YOUR ASSIGNMENT. Please restate every line below exactly, without any pictures.

INPUT DATA.

------------------------------------------------------------

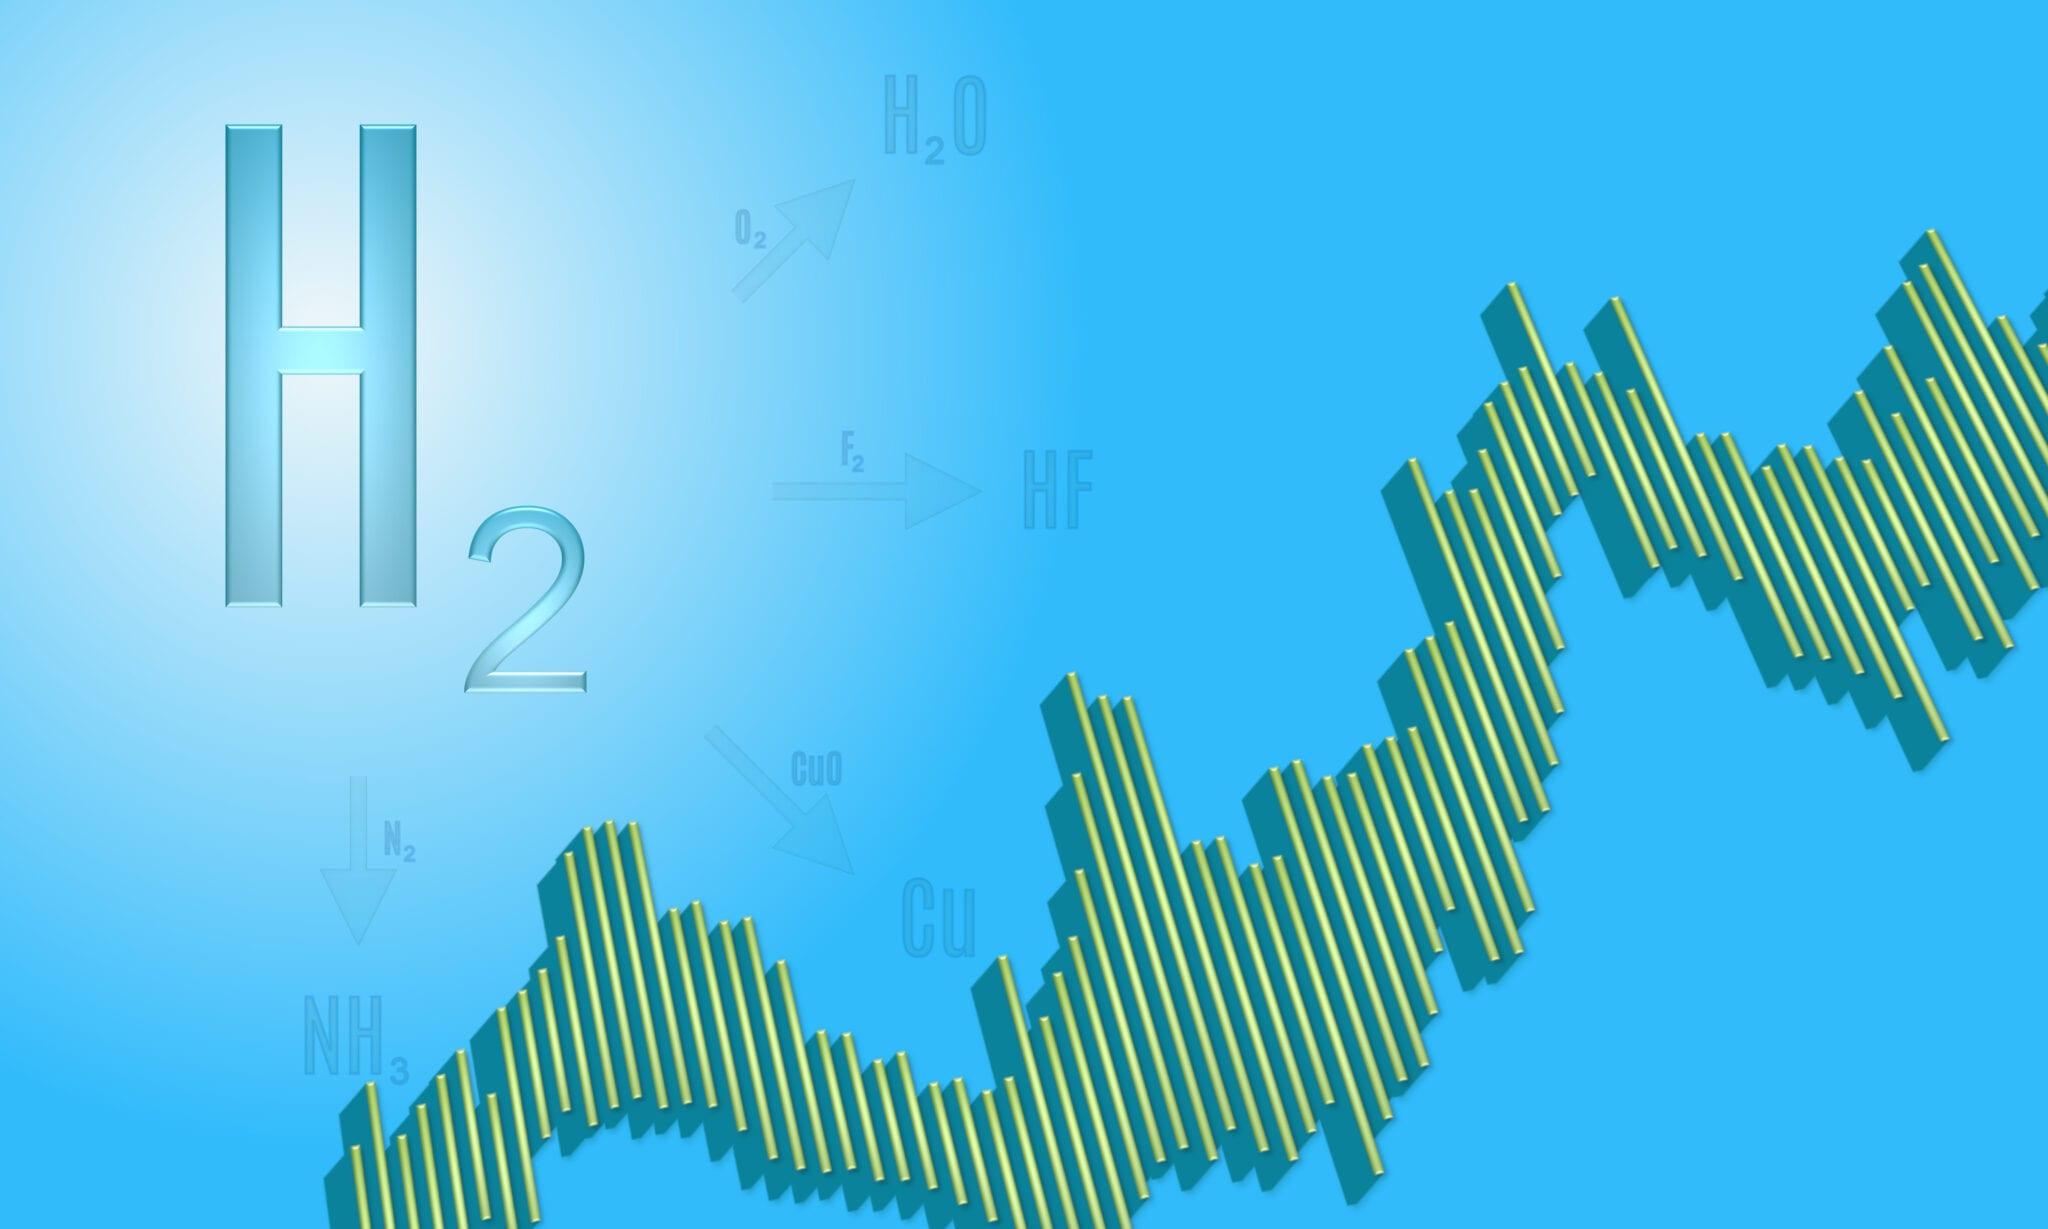 Hydrogen energy stocks chart.
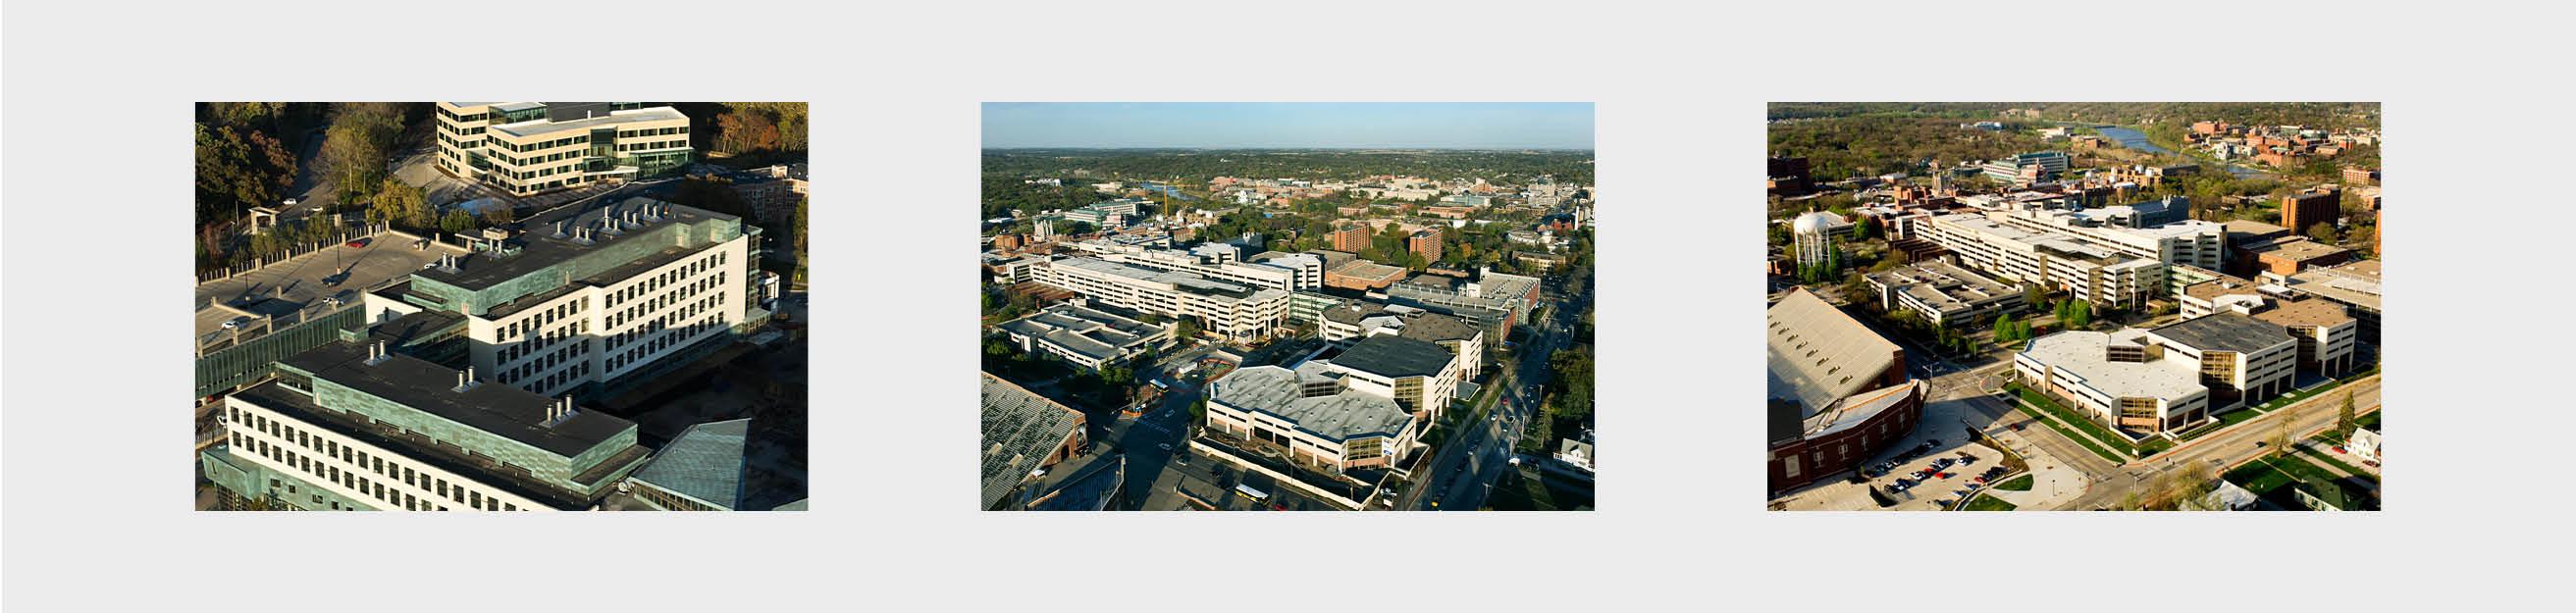 University of Iowa Health Care images
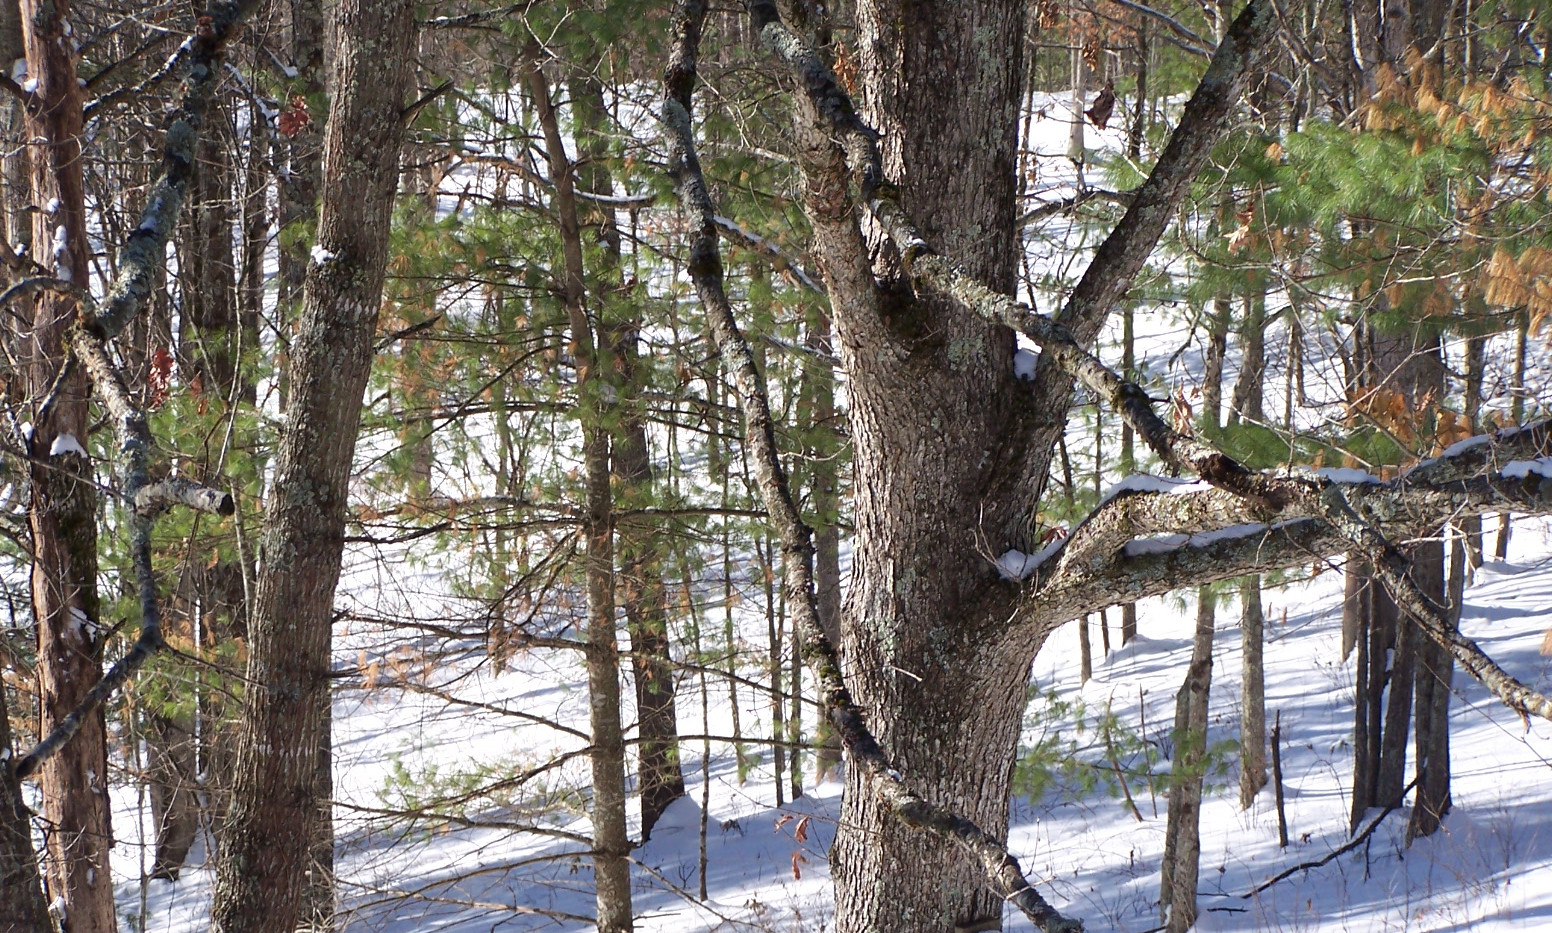 Winter in West Virginia, near ski resort
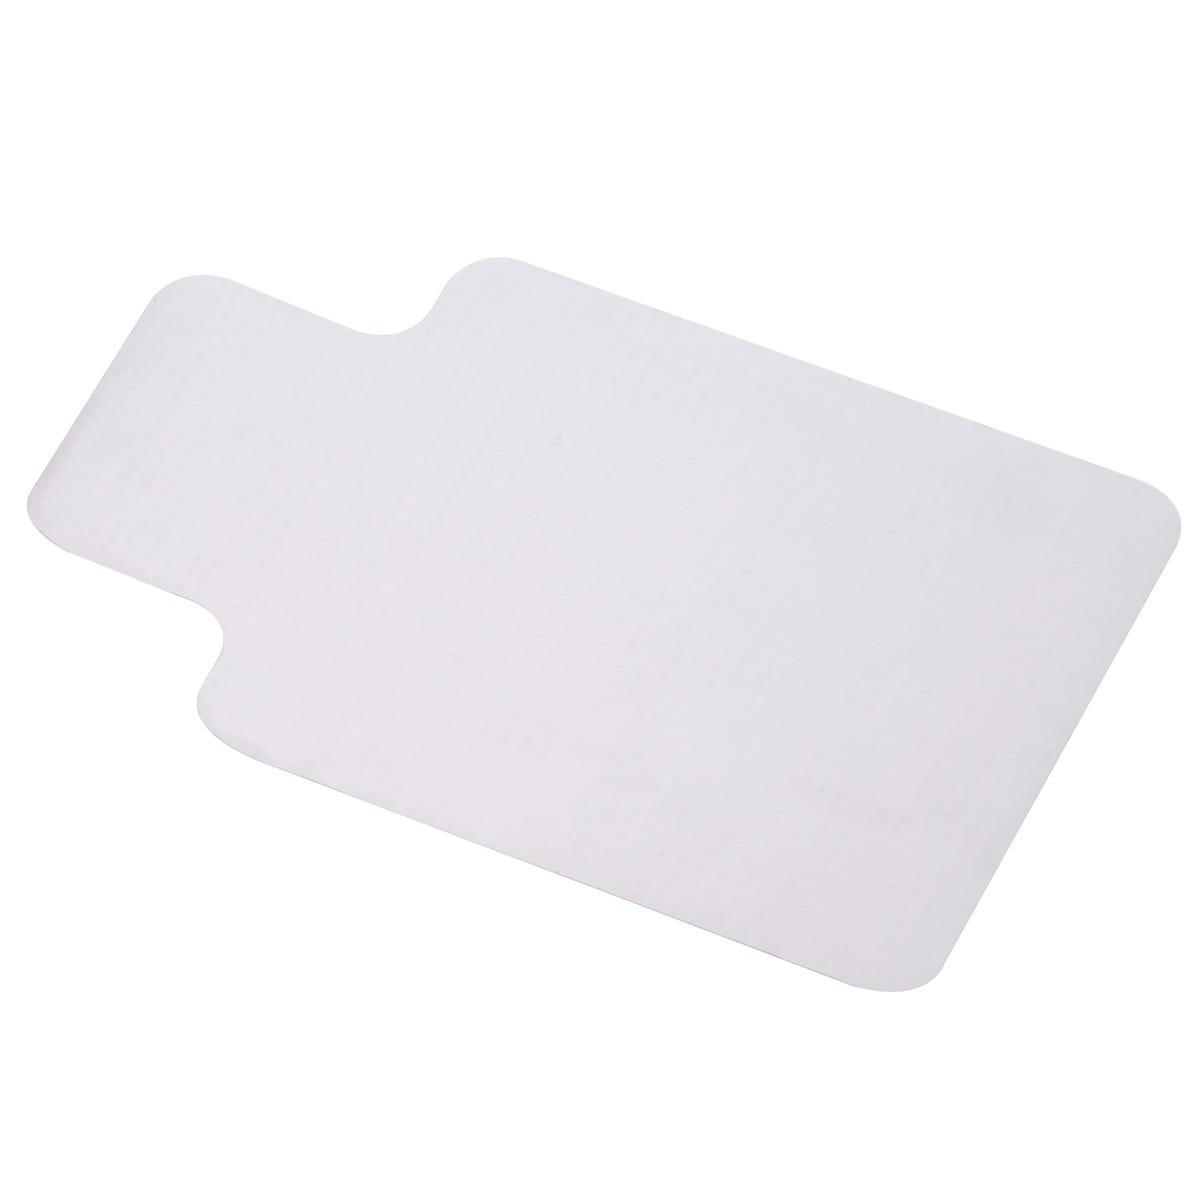 Clear PVC Office Chair Non-slip Mat for Carpet

------------------------------------------------------------

EXERCISE RESULT.
 Hydrogen energy stocks chart.
 University of Iowa Health Care images
 Winter in West Virginia, near ski resort
 Clear PVC Office Chair Non-slip Mat for Carpet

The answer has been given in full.